# Chemical Elements



## Honour

How do you name some common elements in your languages?
Ing            Tr
Carbon   -  Karbon
Sulphur   - Kükürt
Zinc       -  Çinko
Oxygen   - Oksijen
Iron        - Demir
Hydrogen - Hidrojen
Nitrogen   -  Azot
Hellium   - Helyum


----------



## parakseno

Romanian:
Carbon   - Carbon
Sulphur   - Sulf
Zinc       - Zinc
Oxygen   - Oxigen
Iron        - Fier
Hydrogen - Hidrogen
Nitrogen   -  Azot, Nitrogen (rarely used)
Hellium   - Heliu


----------



## Vicpalomar

Castellano:
Carbon - Carbón
Sulphur - Azufre
Zinc - Zinc
Oxygen - Oxígeno
Iron - Hierro
Hydrogen - Hidrógeno
Nitrogen - Nitrógeno
Hellium - Helio


----------



## Tisia

*
Persian: *
Carbon :  *کربن* (karbon)
Sulphur : *گوگرد  *(gugerd)
Zinc : * روي *(roi)
Oxygen   - *اکسيژن *(oksijen)
Iron : *آهن *(ahan)
Hydrogen : *هيدروژن *(hidrojen)
Nitrogen : *نيتروژن *(nitrojen)
Hellium:  *هليوم* (helium)
with all the *j *letters pronounced as in* "sia*" in"Per*sia*n*".*

*Finnish:*
Carbon:   hiili
Sulphur: rikki
Zinc:sinkki
Oxygen:   happo
Iron       : rauta
Hydrogen: vety 
Nitrogen: typpi
Helium: helium

Tisia


----------



## Whodunit

German:
Carbon - *Kohlenstoff*
Sulphur - *Schwefel*
Zinc - *Zink*
Oxygen - *Sauerstoff*
Iron - *Eisen*
Hydrogen - *Wasserstoff*
Nitrogen - *Stickstoff*
Helium - *Helium*


----------



## Tisia

Whodunit said:
			
		

> German:
> Iron - *Eisen*



Interesting.

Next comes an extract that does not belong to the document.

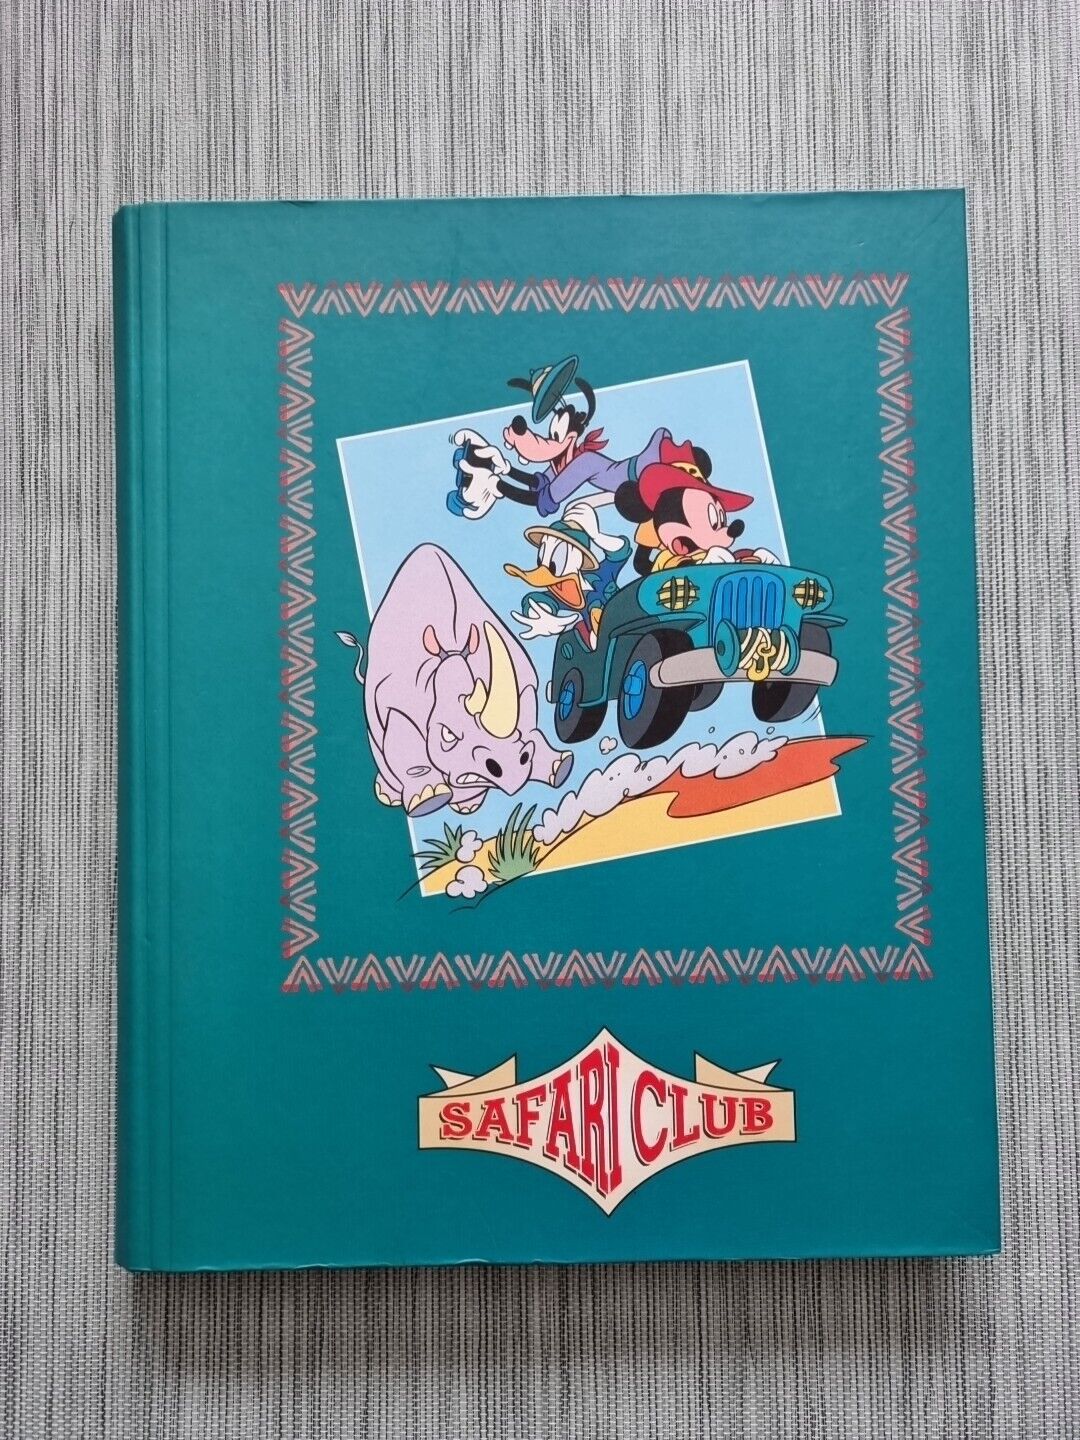 Vintage Disney Safari Club Photo Album Holds 300 Photos Mickey Mouse Goofy Rare

In Kurdish *Iron* is called *Asen* and *Ahan* in Persian. I see the German word is quite close to the Kurdish one.

Tisia


----------



## Outsider

I'm sure there are many websites with the names of the elements in various languages, but still this is interesting.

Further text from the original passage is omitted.